11.9 • The E2 Reaction and Cyclohexane Conformation
Anti periplanar geometry for E2 reactions is particularly important in cyclohexane rings, where chair geometry forces a rigid relationship between the substituents on neighboring carbon atoms (Section 4.8). The anti periplanar requirement for E2 reactions overrides Zaitsev’s rule and can be met in cyclohexanes only if the hydrogen and the leaving group are trans diaxial (Figure 11.20). If either the leaving group or the hydrogen is equatorial, E2 elimination can’t occur.
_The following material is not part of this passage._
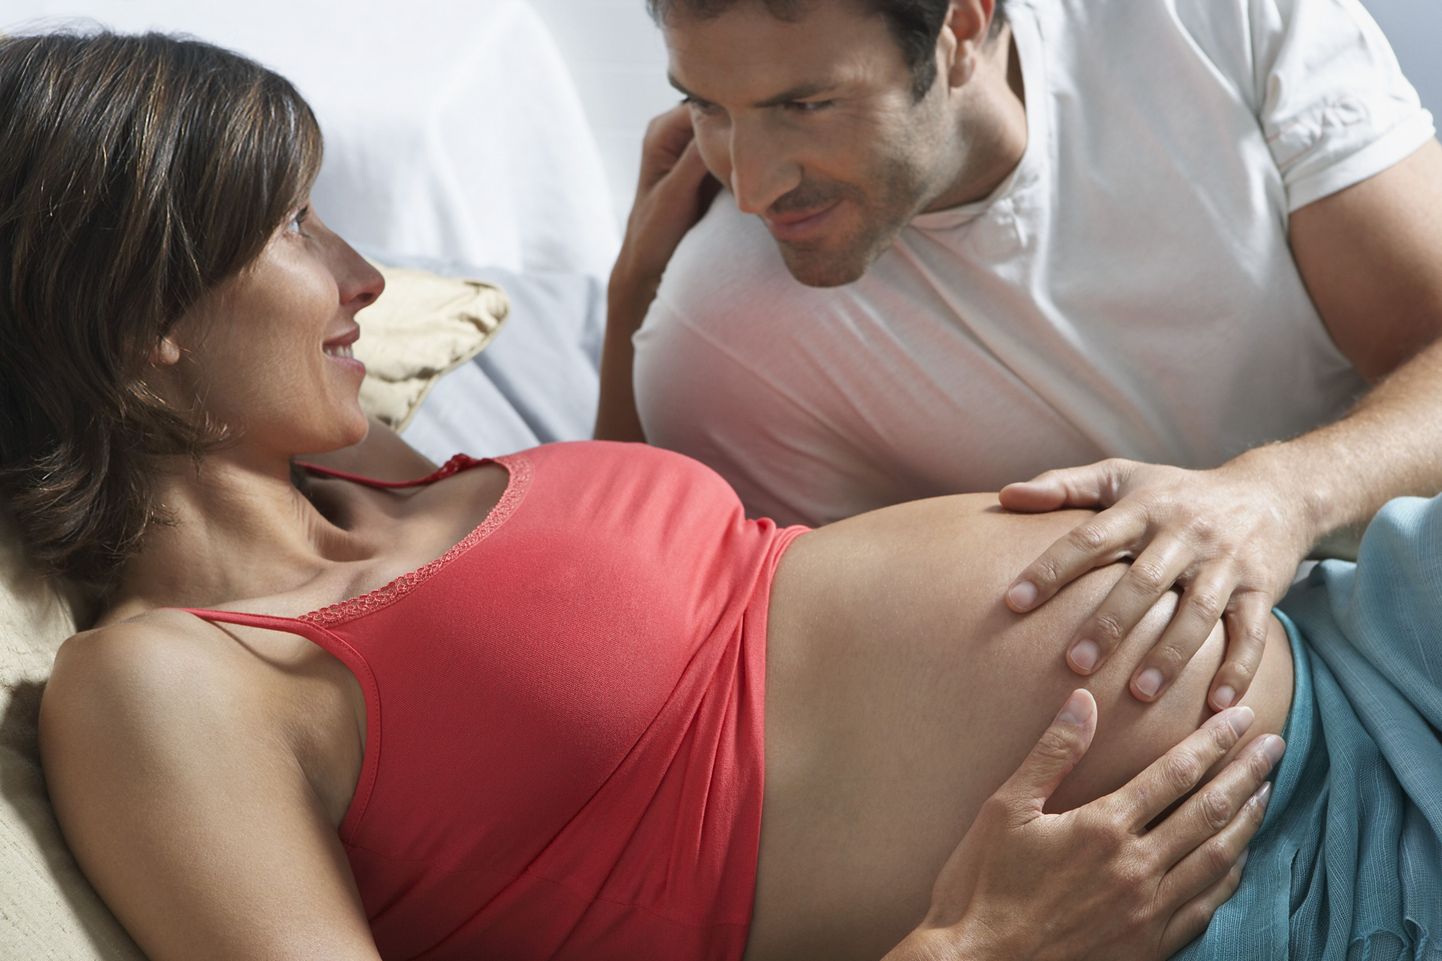 Nurjunud rasedus paneb suhte karmilt proovile.
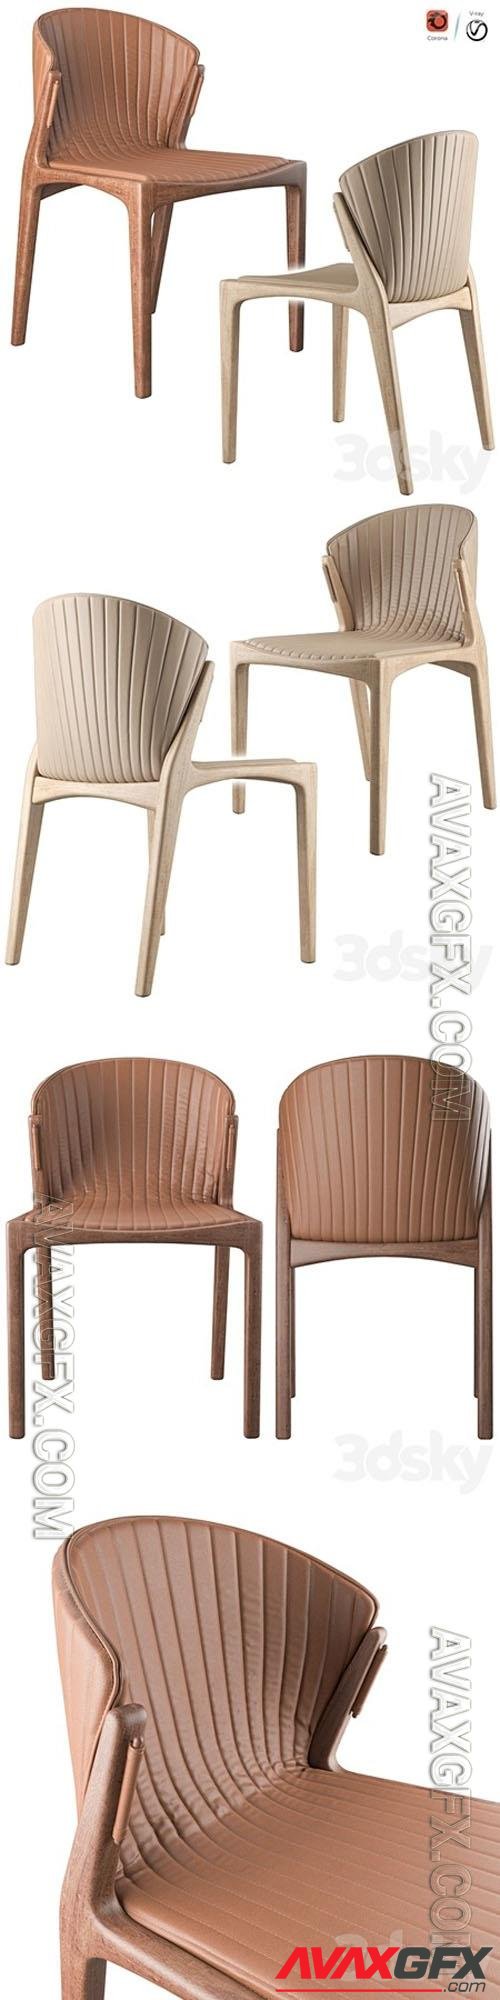 Luisa Chair By Estudiobola - 3d model

The elimination of HCl from the isomeric menthyl and neomenthyl chlorides shown in Figure 11.21 gives a good illustration of this trans-diaxial requirement. Neomenthyl chloride undergoes elimination of HCl on reaction with ethoxide ion 200 times faster than menthyl chloride. Furthermore, neomenthyl chloride yields 3-menthene as the major alkene product, whereas menthyl chloride yields 2-menthene.
The difference in reactivity between the isomeric menthyl chlorides is due to the difference in their conformations. Neomenthyl chloride has the conformation shown in Figure 11.21a, with the methyl and isopropyl groups equatorial and the chlorine axial—a perfect geometry for E2 elimination. Loss of the hydrogen atom at C4 occurs easily to yield the more substituted alkene product, 3-menthene, as predicted by Zaitsev’s rule.
Menthyl chloride, by contrast, has a conformation in which all three substituents are equatorial (Figure 11.21b). To achieve the necessary geometry for elimination, menthyl chloride must first ring-flip to a higher-energy chair conformation, in which all three substituents are axial. E2 elimination then occurs with loss of the only trans-diaxial hydrogen available, leading to the non-Zaitsev product 2-menthene. The net effect of the simple change in chlorine stereochemistry is a 200-fold change in reaction rate and a complete change of product. The chemistry of the molecule is controlled by its conformation.